If you look at current mock drafts and/or draft boards, you’ll see that a good six or seven out of the top fifteen players opted out of this past spring season. This includes headliners such as Micah Parsons (Penn State), Caleb Farley (Virginia Tech), Trey Lance (ND State), and Penei Sewel (Oregon), just to name a few. Gregory Russeou. Rondale Moore.

Top talents that teams can build around if they choose to do so. So how does this affect the draft?’

It mainly has to do with the dynamics between teams as they bump shoulders over prospects, as well as the idea of pick value. The toughest part about draft night for a general manager is weighing one’s own player rankings against those of other teams picking before and after them. That all has to do with a team’s needs and talent availability at each spot. And within that complexity is the issue of positional rankings, (the most notable ones this year being cornerbacks Farley vs. Surtain III and quarterbacks Fields vs. Wilson vs. Lance).

This all seems like a lot, because it is, but managers have to juggle all this while dealing with scrutiny from other members of the organization and the media. When you add in the opt outs, it just multiplies the headache. 

How teams evaluate talent is a huge question this year. When dealing with these superstars who opted out, how do you pit one player who has an extra year of production against another who was spectacular last year but hasn’t been seen on a field since? Take Ja’marr Chase for example. A generational talent paired with ideal measurements and top technique led Chase to a record breaking 2019-20 season. He came out of the national championship with a trophy and a top three 2021 pick projection. He hasn’t been injured since then, and there’s no reason to believe he has regressed after sitting out his final season at LSU… right? 

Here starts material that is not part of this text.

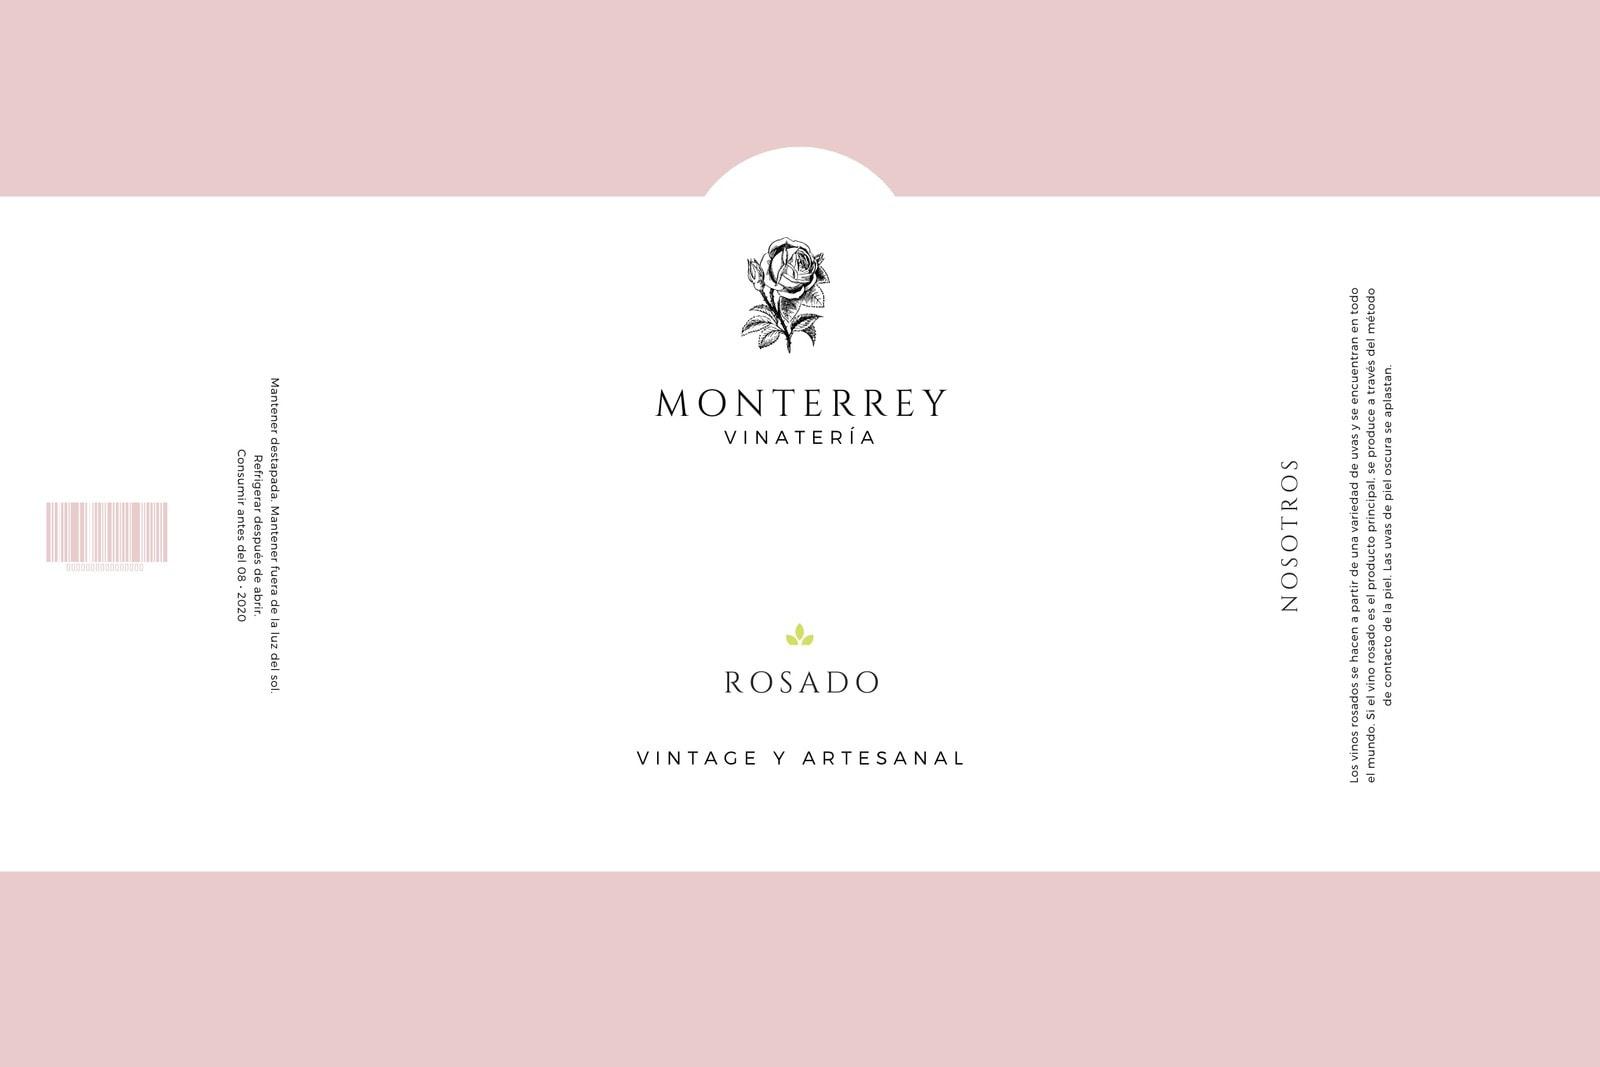 Rosa Claro y Blanco Minimalista Simple Elegante Botella de Vino Etiqueta

Well, then comes along the likes of Jaylen Waddle and Heisman winner Devonta Smith, who have excelled at Alabama the last couple of months and put themselves into the mix for best receiver. If you’re the Miami Dolphins at pick 3, starving for a big-time playmaker to give to Tua Tagovailoa, who do you pick? While Chase had an exceptional year last season and showed that he could be the next great receiver in the NFL, he is now entering the draft with one, yes only one, season of tape. Do you favor that one amazing season from Chase (in which he was catching passes from Joe Burrow), or several great, but short of insane years from the Bama duo? It’s a question no one can answer except for them.

There are so many examples of this dilemma, including the aforementioned rivalries between the top two corners and the 2nd, 3rd, and 4th best QBs. VTech’s Farley and Alabama’s Surtain both have immense promise and both had stellar 2019 seasons. But Farley opted out for this season and Surtain had a just OK year. Yet again, quite an impossible decision to make between the two for a defensive back needy team.

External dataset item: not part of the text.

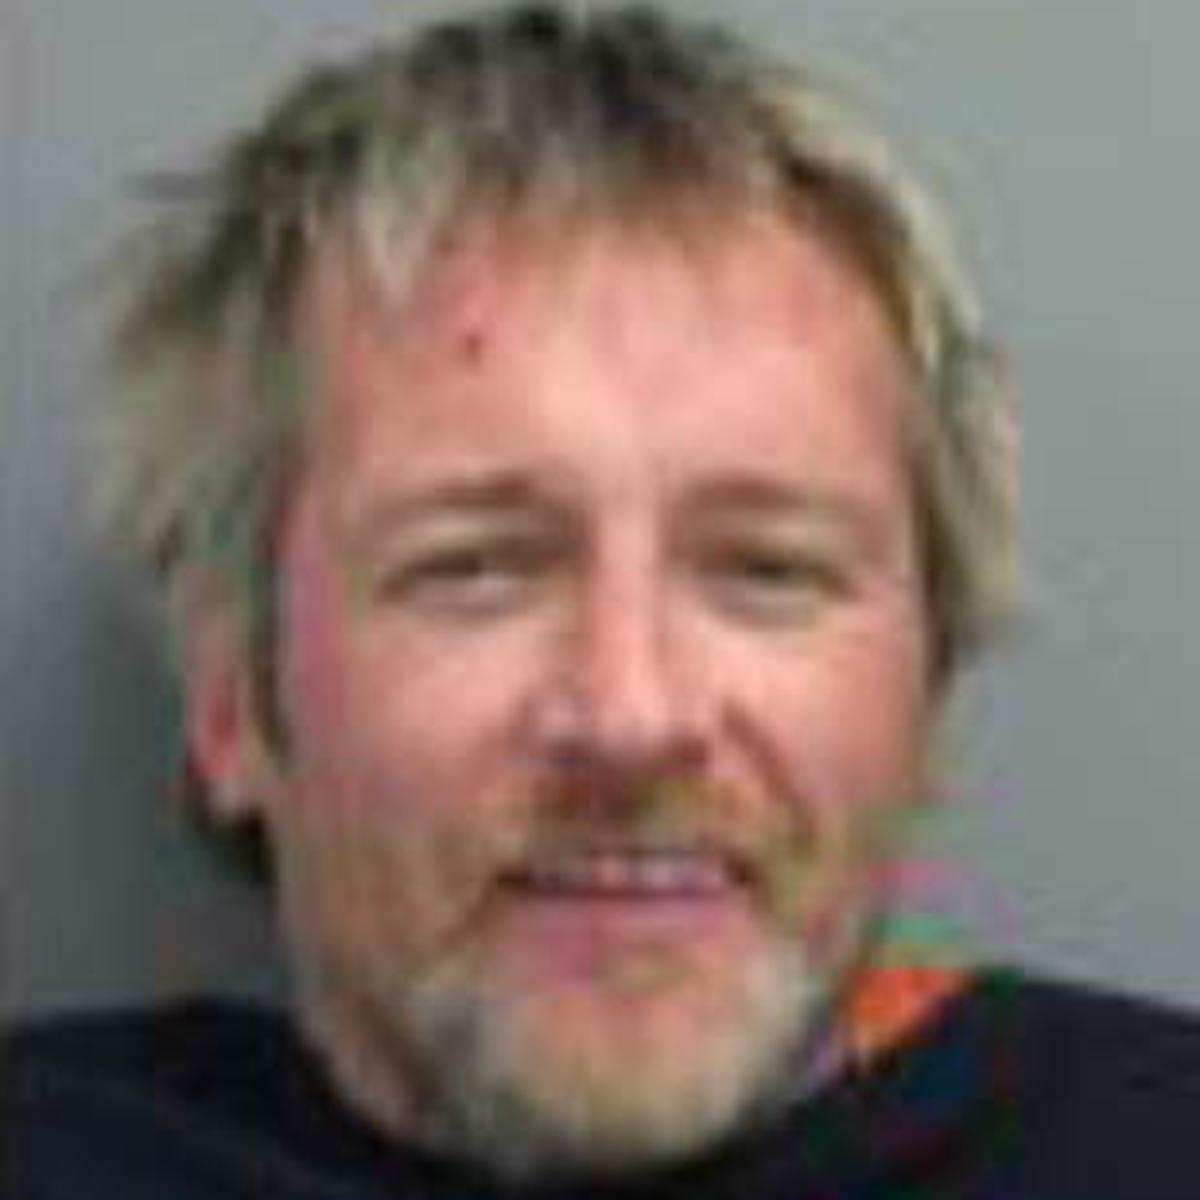 Thacker pleads guilty, sentenced in death of man whose body

BYU’s Zach Wilson and Buckeye Justin Fields both played this past season, but due to COVID cases on the team and cancelled games, Fields only took snaps in eight regular season games. His stats are, however, objectively just a bit better than Wilson’s in terms of numbers per game. Is the small sample size the cause of this advantage, or is Fields truly the better player? Youngster Trey Lance out of ND State is in a similar position as Ja’marr Chase, as he too opted out of the past season and has only one season of tape. 

Evidently, there are so many things to consider here, and each team will see it differently. But as everyone knows, each pick has an effect on every single team down the board afterwards. This year, team’s big boards are going to vary significantly more than in past years, which will inevitably lead to a mind boggling catastrophe of a final draft result. (If you’re looking for a good brain teaser, I suggest ignoring the draft results of night one until it is over and then looking at it as a whole).

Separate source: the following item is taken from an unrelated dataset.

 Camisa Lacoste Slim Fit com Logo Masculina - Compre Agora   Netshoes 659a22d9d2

Then, of course, is the increased possibility of busts, which is just an entirely different world. Teams will reach for raw, unpolished prospects left and right. There is almost a guarantee that a fourth of the first ten picks will be busts. Some will get lucky and a star will drop right into their lap, and the not so lucky teams will be the ones letting them fall. Thus, the weirdest draft in history. And oh man are the fan reactions on Youtube going to be funny.